Regulation network of the candidate genes
There was an inverse correlation across each of the kernel components; that is, if one substance was high, then the other components were relatively reduced. To understand the regulatory relationship for the four quality-related traits in maize, 31 candidate genes were used to construct an interaction network in String (https://cn.string-db.org/). Of these, 28 genes were obtained from the regulatory networks, interacted with various functional proteins by forming independent or interrelated modules, and participated in the regulation of a variety of biological networks (Fig. 5).
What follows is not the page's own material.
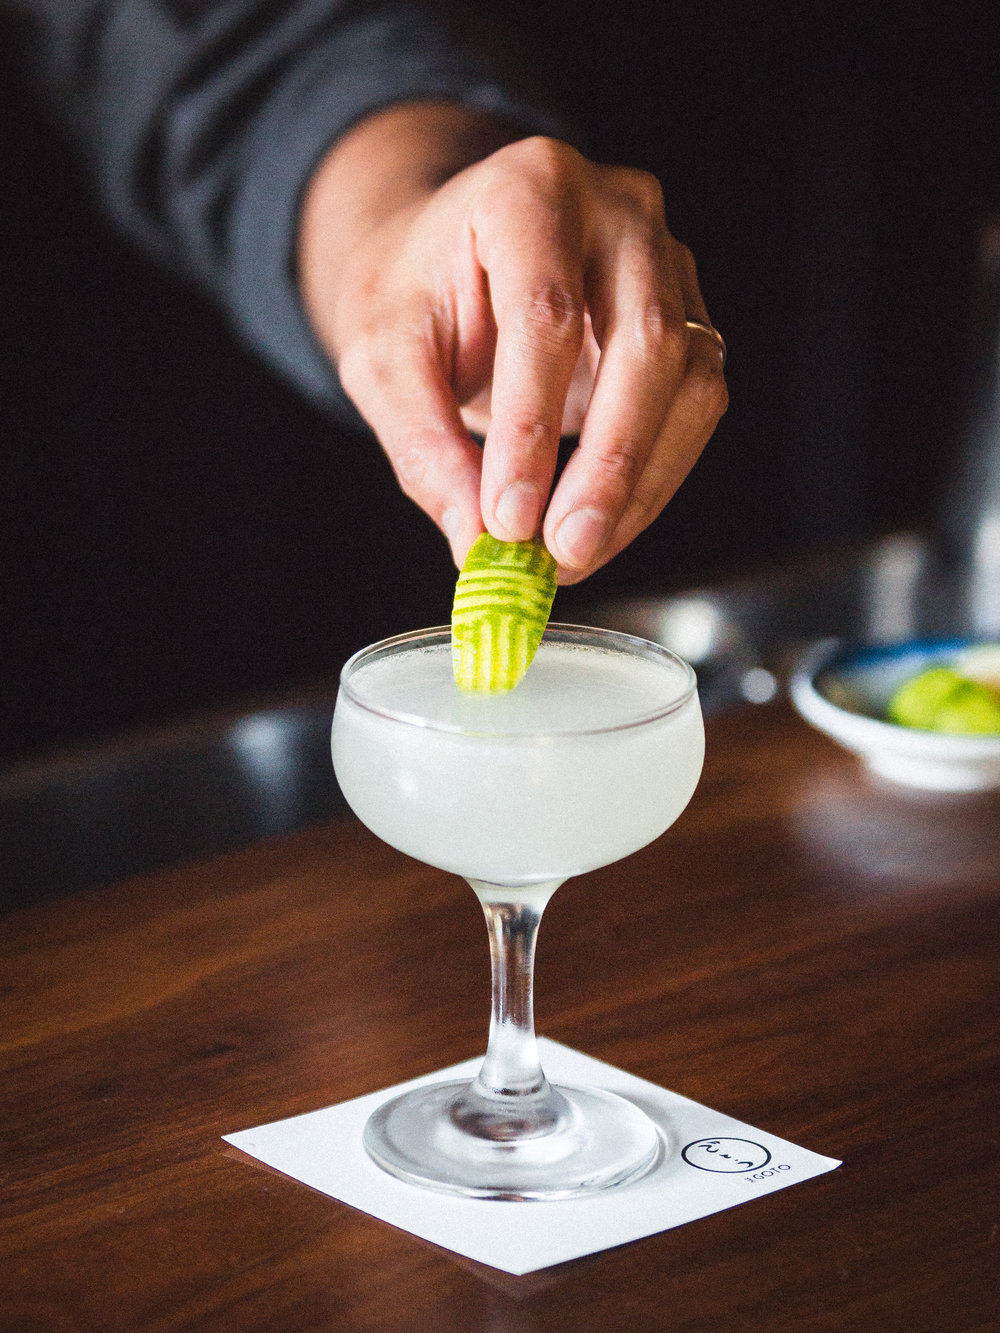 Kenta Goto Putting Limeon Cocktail Bar Lower East Side.jpg

It is worth noting that there were interactions between modules related to the same or different traits. For oil content, three genes, GRMZM2G033787 (M12) annotated as phosphatase, GRMZM2G057910 (M13) annotated as NAD-dependent dihydrogenase and GRMZM2G049588 (M14) annotated as glutamine-dependent NAD+ synthetase, interacted with each other through GRMZM2G402319. Moreover, GRMZM2G033787 (M12) interacted with one fibre candidate gene GRMZM2G043338 (M7) via adh1F, which encodes cystathionine beta synthase domain protein 1 (CBS); the domain protein maintains the balance of redox reactions in cells (Wang, 2015). In addition, M12 also shared several common interacting proteins (including NRH1 and NRH2) with the other fibre candidate gene GRMZM2G179432 (M1), which encodes a Haloacid dehalogenase-like hydrolase (HAD) superfamily protein. Another network in the oil content-related modules included GRMZM2G064993 (M15) and GRMZM2G027862 (M17), which interacted with four cellulose synthase genes (CesA-1, CesA2, CesA3 and CesA-9) participating in sugar metabolism. For starch content, there was an interaction network with fibre content that included the starch-related protein GRMZM2G085849 (M23), which directly interacted with the fibre-related protein GRMZM2G053764 (M2) and indirectly interacted with the fibre-related protein GRMZM2G127632 (M4) via GRMZM2G424582. For fibre content, module M9 (GRMZM2G102161, zmm8) formed an independent network with several members of the MADS family, including MADS1, MADS76, MADS5 and ZAG1, which played an important role in inflorescence and kernel development (Lid et al., 2004; Riechmann et al., 1997). These results may provide a deep understanding of the coordination among the four quality-related traits.